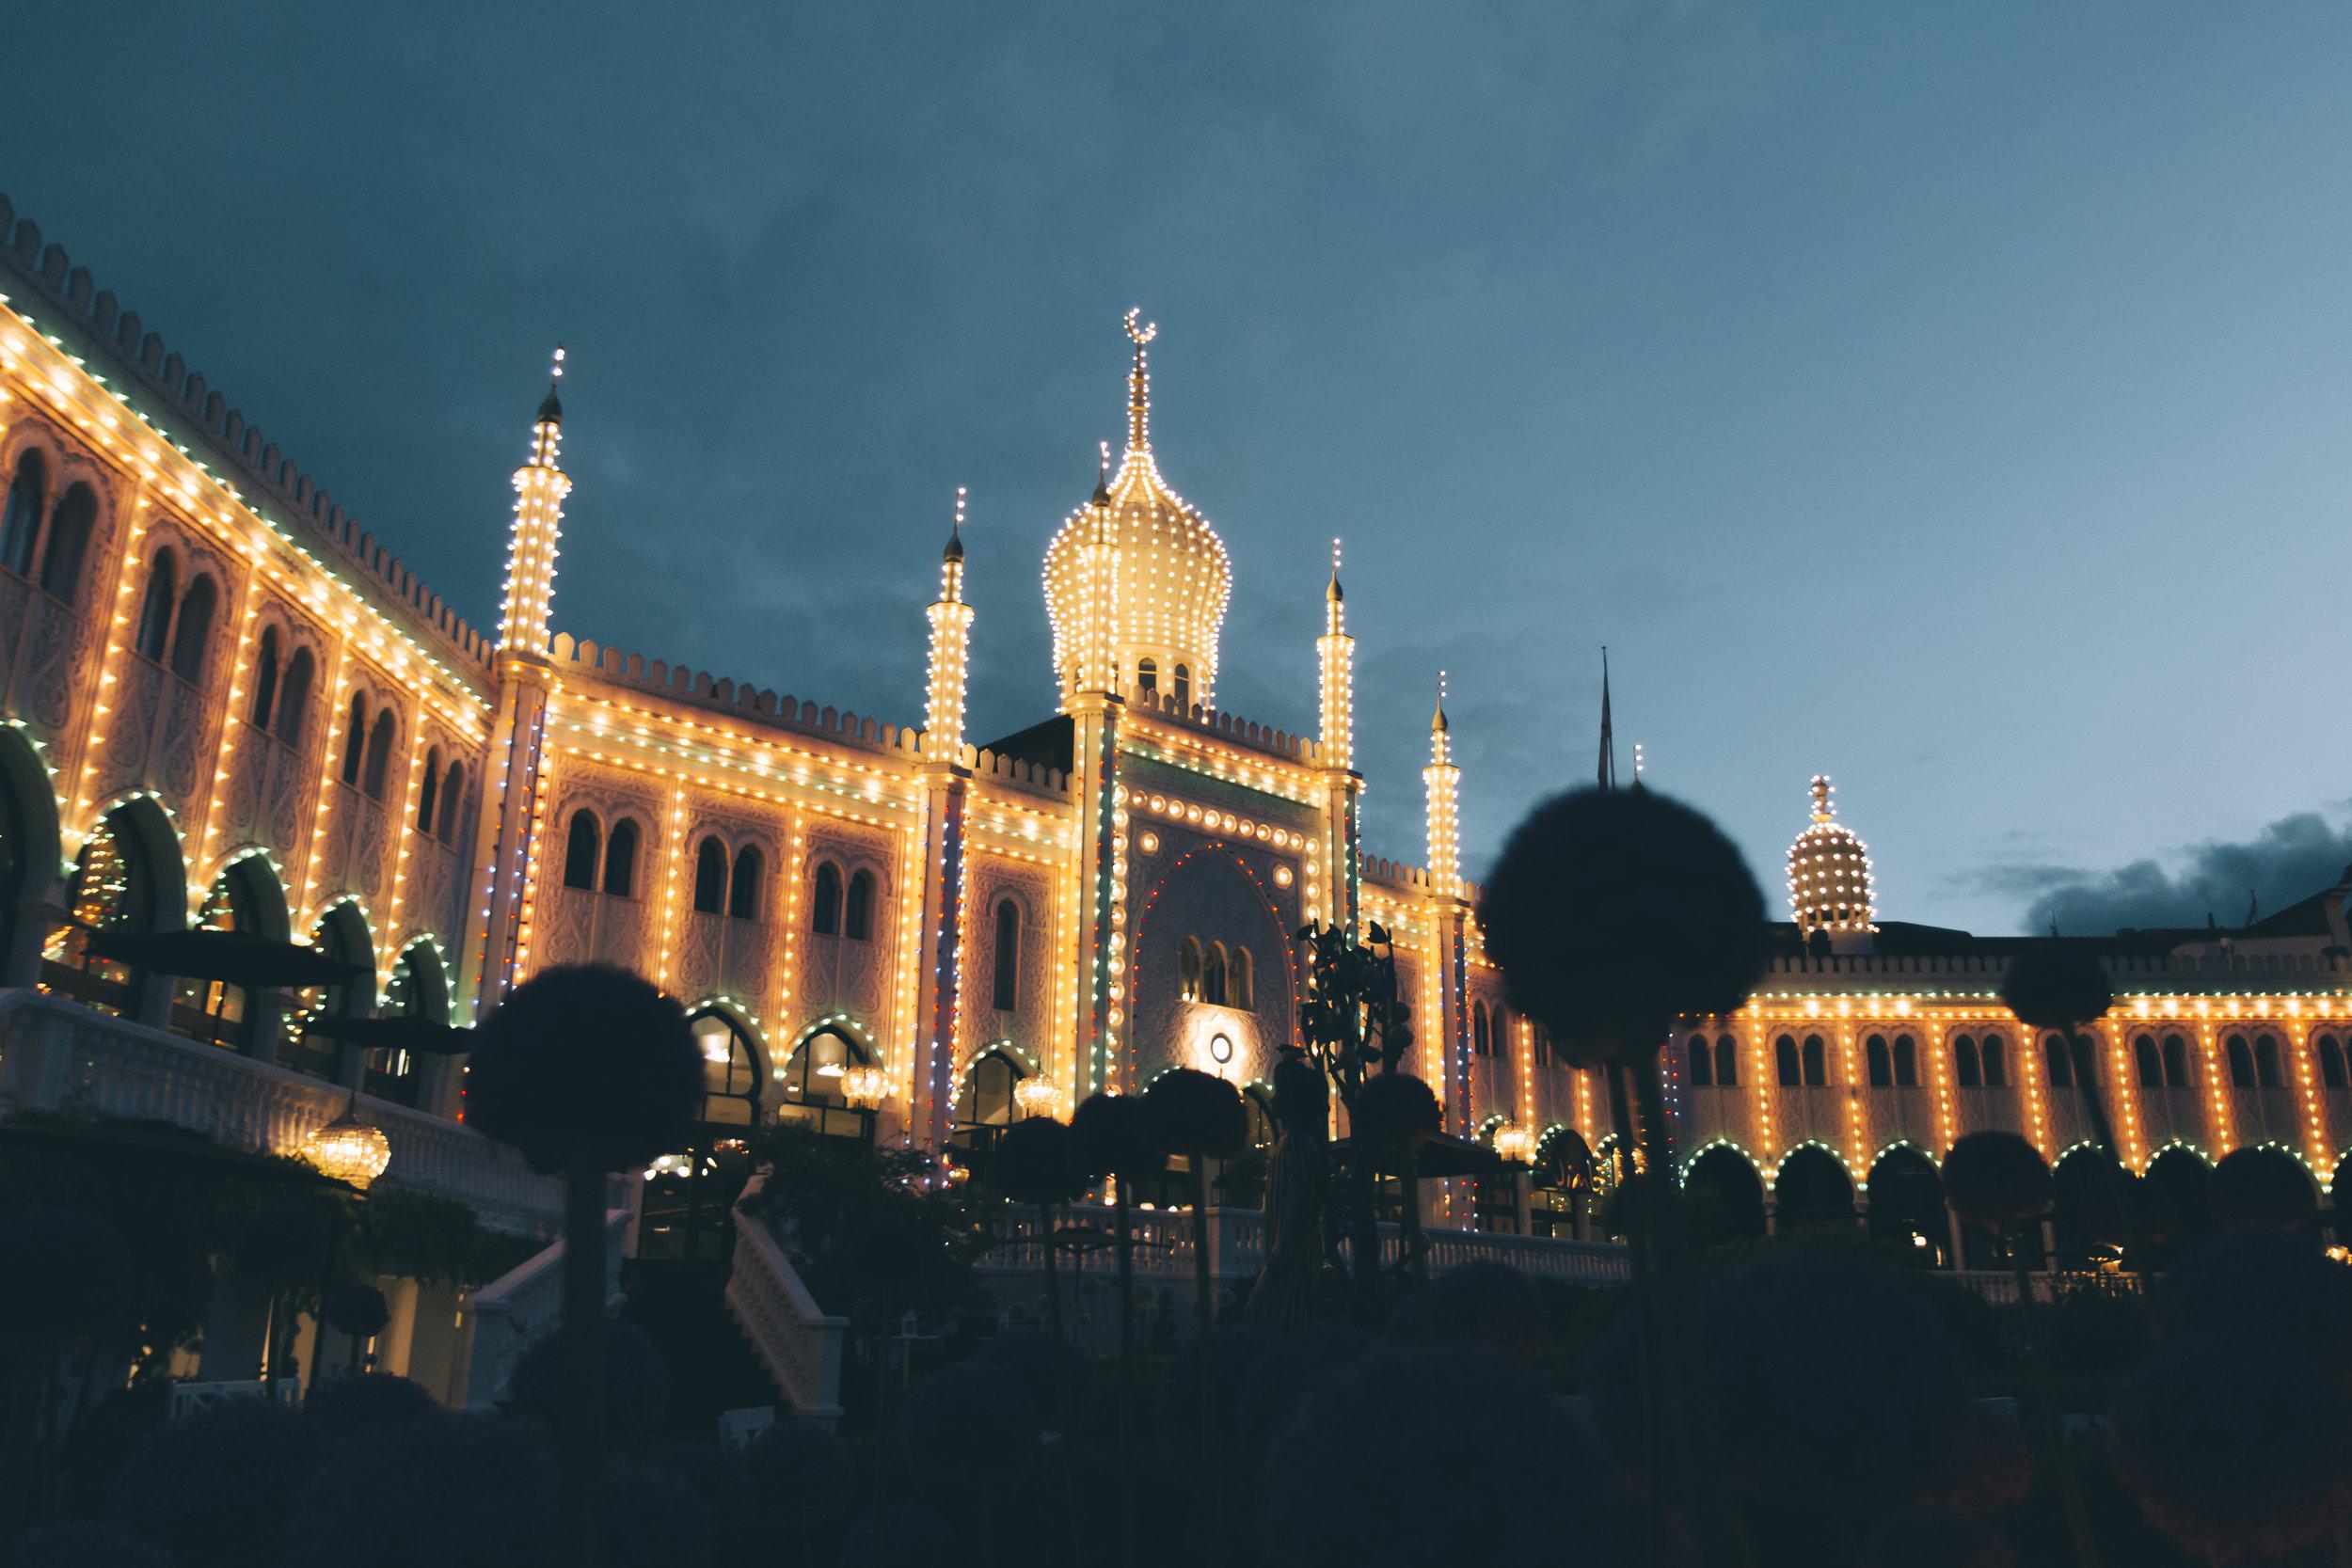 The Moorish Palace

§

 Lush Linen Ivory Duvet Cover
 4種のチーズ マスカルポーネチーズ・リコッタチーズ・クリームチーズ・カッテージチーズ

§

_EXERCISE DESCRIPTION_
The required output is the stretch of entries above from the line containing "Lush Linen Ivory Duvet Cover" through the line containing "4種のチーズ マスカルポーネ", reproduced exactly.

_COMPLETED TASK_
 Lush Linen Ivory Duvet Cover
 4種のチーズ マスカルポーネチーズ・リコッタチーズ・クリームチーズ・カッテージチーズ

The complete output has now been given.